Heritage vegetables attract top Northern Irish chefs

Top chefs in Northern Ireland are now cooking with heritage vegetables developed by a leading horticulturist in one of the UK's historic Victorian Walled Gardens.

David Love Cameron is restoring the walled garden at Helen's Bay in county Down by developing organic heritage vegetables for both foodservice and retail customers.

The sort of fresh produce he is growing includes Brune d'Hiver lettuce, Red Russian kale and colonial kale, wild sorrel, three cornered leeks, different coloured beetroot, purple podded peas and courgette flowers, all of which offer different taste experiences. Endive is another plant that he's introducing.

Cameron's work to revive near extinct vegetables and herbs has already brought support from Northern Ireland's top restaurants eager to create innovative dishes. They include the Michelin star Eipic and Ox restaurants as well as other critically acclaimed establishments such as James Street South and Muddlers Club, all based in Belfast.

Leading hotels including the five-star Merchant in Belfast are also involved in the project.
Chefs from these restaurants frequently take time out from their culinary duties to help him tend the garden. They have been quick to spot the opportunity his enterprise offers to embrace his produce and create different dishes using long-lost flavours.

The Belfast-based Merchant Hotel team of chefs has been working with Cameron at the picturesque garden since May 2015. They help with the 'heavy lifting', digging the beds, spreading organic manure and pruning the apple and pear trees within the garden.

Danni Barry, head chef at Eipic in Belfast, Ireland's only woman Michelin chef and recently named Ireland's Chef of the Year, also works voluntarily at the historic garden.

The relationships he has developed with chefs here in high-end restaurants has been influenced by a stint developing the organic garden at the famed Belmond Le Manoir aux Quat'Saisons, Raymond Blanc's world rated hotel and restaurant in Oxfordshire.

"Raymond Blanc developed the garden to provide a source of unusual organic vegetables for the restaurant. It was tremendous experience working with chefs in the garden and also helping out in the kitchen," he says.

The two-acre site at Helen's Bay, now a certified-organic garden, was part of a trend in Victorian times to ensure fresh vegetables, herbs and flowers for the family, staff and guests of the wealthy. The garden at Helen's Bay was originally created in 1883 by Thomas Workman, founder of the Workman and Clark shipyard in Belfast.

The walled garden at Helen's Bay is one of a small number still in existence. Many of the gardens, an important part of our history, are now largely neglected.

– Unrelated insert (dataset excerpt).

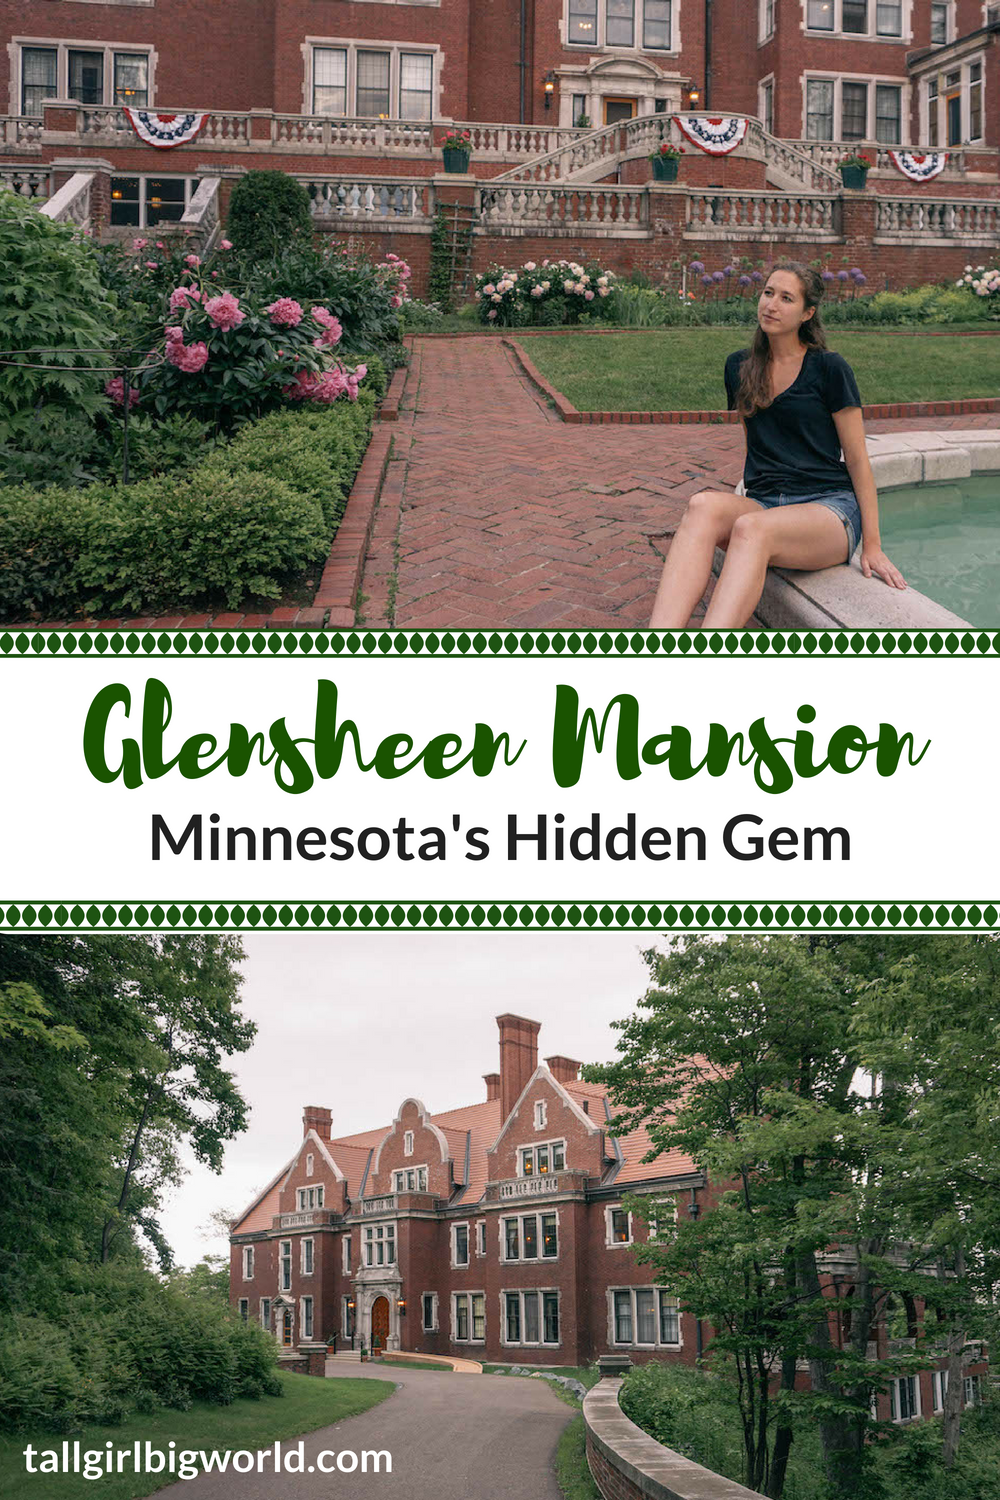 Glensheen Mansion in Duluth, MN is one of the hidden gems of the Midwest! Here's everything to know about visiting the mansion & its history.

"What we are doing here is reviving the vegetables that would have been grown here in the late 19th and early 20th centuries and also introducing other varieties suited to the fertile soil of Co. Down," Cameron says. "There's so much that can be grown organically in Northern Ireland and especially in this part of county Down."

He turned to the Heritage Seed Library (HSL) in England for advice and seeds for vegetables no longer readily available here and certainly not to be found on the shelves of supermarkets.

Pic caption: David Love Cameron is reviving heritage vegetables in Helen's Bay in County Down.